A vaccine for the chicken pox was approved by the federal Food and Drug Administration 16 years ago. A combination vaccine for measles, mumps, rubella and varicella (chicken pox) was licensed in 2005, according to the U.S. Centers for Disease Control and Prevention.

The vaccine is now required for children in Tennessee and Georgia who attend child care, school or college, but parents can file for a medical or religious exemption.

Still, parents like Lisa Dupree, of Chattanooga, disagree with doctors and public health officials and say the damage done by vaccines is a greater risk than catching a common virus like chicken pox.

Dupree, who homeschools a son and a daughter and runs a support group for moms with autistic children, will not give her children the chicken pox vaccine because she believes her son has suffered from severe vaccine-triggered side effects after being given other shots.

"He lost his speech and language skills. He had toxic diarrhea, skin rashes," she said. "My son looked like a cancer patient. To go through that is just terrible. ... Vaccines are given too early and too often."
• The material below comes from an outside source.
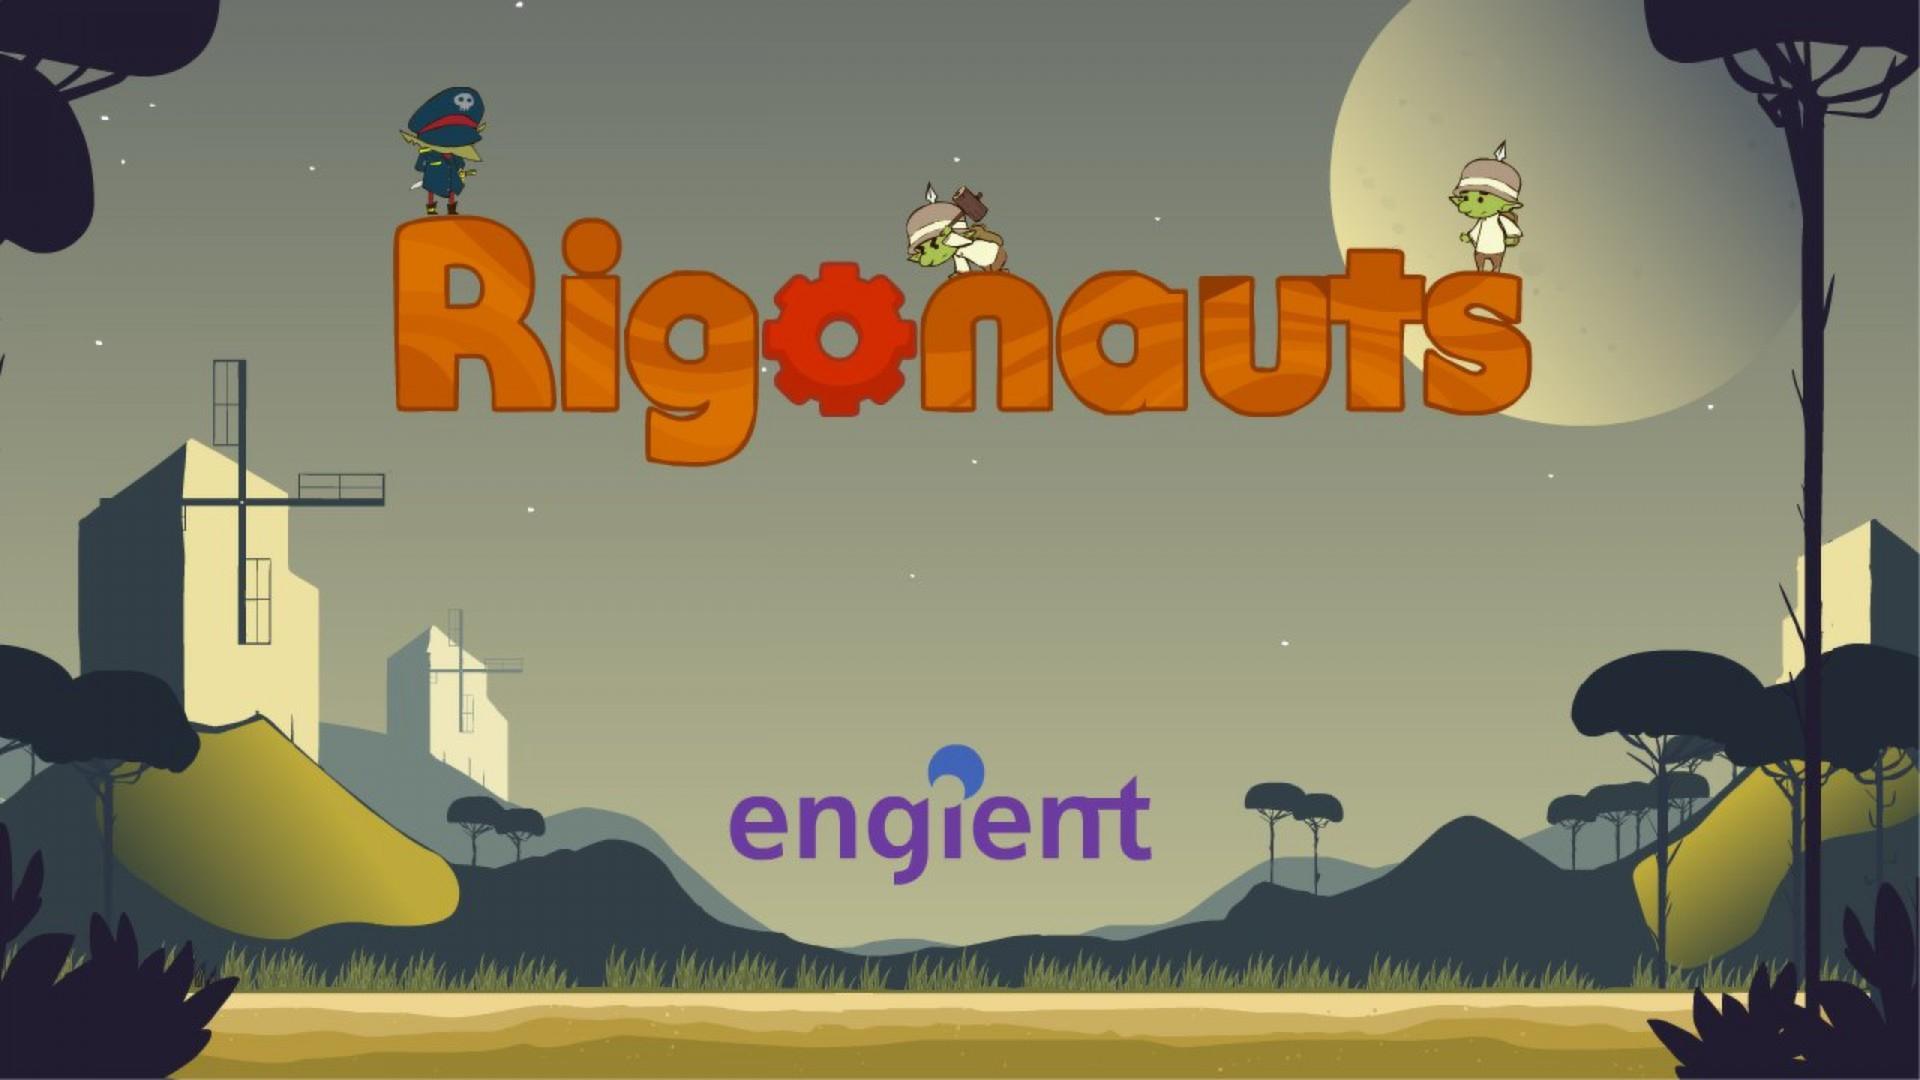 rigonauts feat

Despite scientific evidence to the contrary, Dupree said, "The preservatives [in them] are unsafe and unproven."

Like many parents, she isn't sure if what's best from a public health perspective is what's best for the individual. She said she knows parents who have gone to chicken pox parties, but she isn't sure if she will take her 11-year-old daughter to one.

Her daughter is old enough to decide how and when she wants to catch it, she said.

Staff writer Chris Carroll contributed to this report.